I've been paying attention to sunset lately, in a sort of mundane way. We can't sail in the dark, obviously (or maybe it's not obvious -- some coaches tape flashlights to the masts as a way of dealing with fall's increasing darkness). And we can't start practice until class is over, so as the season goes on we have a shorter and shorter window to work with. Over my desk I have calendar showing the sunset times for the next month, and I look at it often when I'm thinking about what we'll do at practice. Next Tuesday it will come 13 minutes earlier than today. The week after that, another 12 minutes. On the water, I watch the sun dropping toward Pole Island, and the light getting yellower, then flatter, then blue-shadowy. I look at my watch, because at this time of year I don't know what time it really is based on the light. Driving home I look at the sky and at the clock. About 10 minutes after official sunset there was still light in the sky, but the treeline was black, a silhouette against a yellow sky. I can't figure out how the sky goes from yellow-red to blue without passing through green anywhere, but it does, and away from the place where the sun is brightest it is red-orange, changing to a darker blue-purple without seeming to go through yellow. Tonight the moon was up, a sliver, hanging near the horizon and glowing silver. We'll have a full moon next Friday, October 6th, which I know from my sunset calendar and from trying to plan a moonlit practice for the team. I suppose there are people whose job gives them reason to keep track of the moon, just like I'm keeping track of sunset these days, but the moon always takes me by surprise. I never know where in the sky to look for it, or how big it will be, and it seems that just when I'm getting used to it being full it's getting small again.

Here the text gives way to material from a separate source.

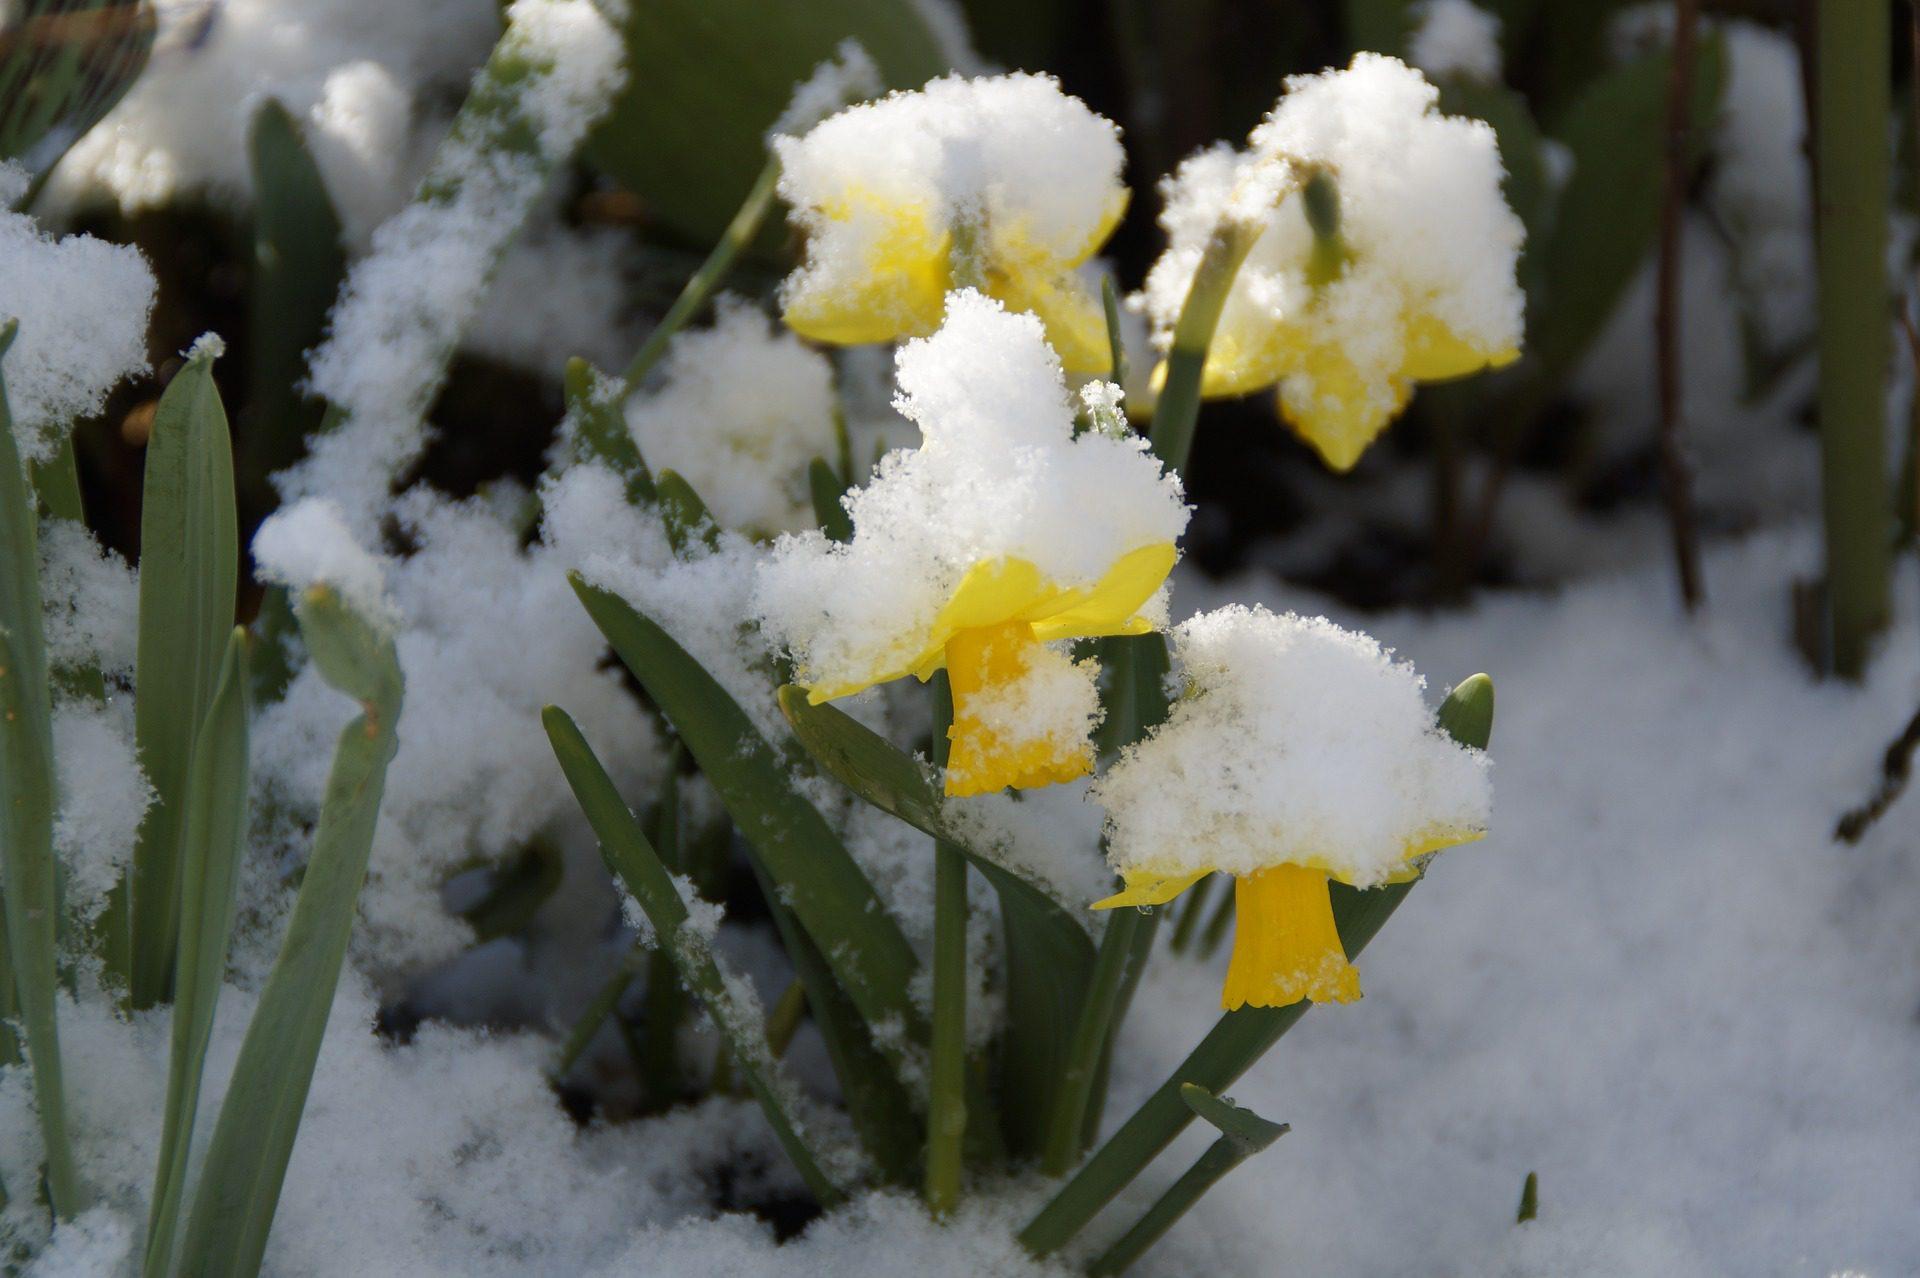 snow on flowers

I've always kept an eye on the sun and the moon because astronomy is a hobby of mine, inherited from my dad, who was into astronomy from when he was a child and who later got a PhD in astrophysics from CalTech.
The days get shorter faster in the fall, and they get longer faster in the spring, near the equinoxes. Like you, I notice the shortening of the daylight most dramatically this time of year.
The moon, I've always been aware of. I'm more a creature of the night than of the day. Growing up, I had a picture of the moon hanging in my bedroom, a luminous image that my dad had taken through the telescope he had built for himself when he was in high school, and then developed in his own darkroom, 10-day-old waxing gibbous, with every crater and rille highlighted by the shadows created by the sun being at an angle to the contours of the surface.
It's funny, in a way -- I'm an inland sailor, and the moon has no tidal effect on the lakes that I sail upon. But the moon is so important to me that I actually have a moon-phase indicator on my blog.
Posted by: Carol Anne | September 27, 2006 at 01:50 AM
Why not take a course in CelNav?
Posted by: J | September 27, 2006 at 07:06 AM
We here in the severe mental illness world often keep track of the moon phases. Really.
And, I second the suggestion on studying celestial navigation. You will be an asset to that big-boat voyage you're looking to take...
Posted by: turboglacier | September 27, 2006 at 04:08 PM
Maine is just ridiculously far east in the eastern time zone. That's why the sun sets so early - DST ends in a month for you and then there will be another hour less. Sometimes it leads one to side with those people who want Maine to use the Atlantic time zone. I'm back in Phoenix now, which stays on MST all year round, so I'm always confused about the time.
I sailed a few weeks ago back in ME at night. Could not determine the sail shape or see the telltales, but the Milky Way way was directly overhead and I could make out the paddles on the masthead wind indicator as small dark spots in the field of stars.
Posted by: Greg | September 27, 2006 at 10:46 PM
Ah, the Milky Way. I remember Pat's first moonless summer night in the desert -- he just couldn't believe that that bright band in the sky wasn't either smog or a cloud. We sat on the hood of the car, reclining on the windshield, with the warmth from the engine radiating up from beneath, as the chill air of the evening came down from above, and we heard the clicking chirps of the bats overhead. And we looked up at the stars, and I pointed out the constellations ... up north, the Big Dipper and Polaris ... now more important since he wants to get into celestial navigation ... in the south, Scorpio, my sign: sun, moon, ascendant, and about half of my planets.
Now, at Five O'Clock Somewhere, we have the dark night skies that let us see so much more than we can when we're someplace "civilized."
Posted by: Carol Anne | September 30, 2006 at 02:49 AM
I love the view of the stars from a sailboat that is anchored far from the light pollution of large cities... you see thousands more stars that are dim enough to be wiped out by light pollution closer to urban areas.
I'd second the CelNav course, or buy a sextant and get a good book on CelNav. Not only is it useful, it is a lot of fun... provided you don't absolutely hate math...since some math is required.
Posted by: AdriftAtSea | October 01, 2006 at 01:25 AM
It was the gloaming, when a man cannot make out if the nebulous figure he glimpses in the shadows is angel or demon, when the face of evening is stained by red clouds and wounded by lights.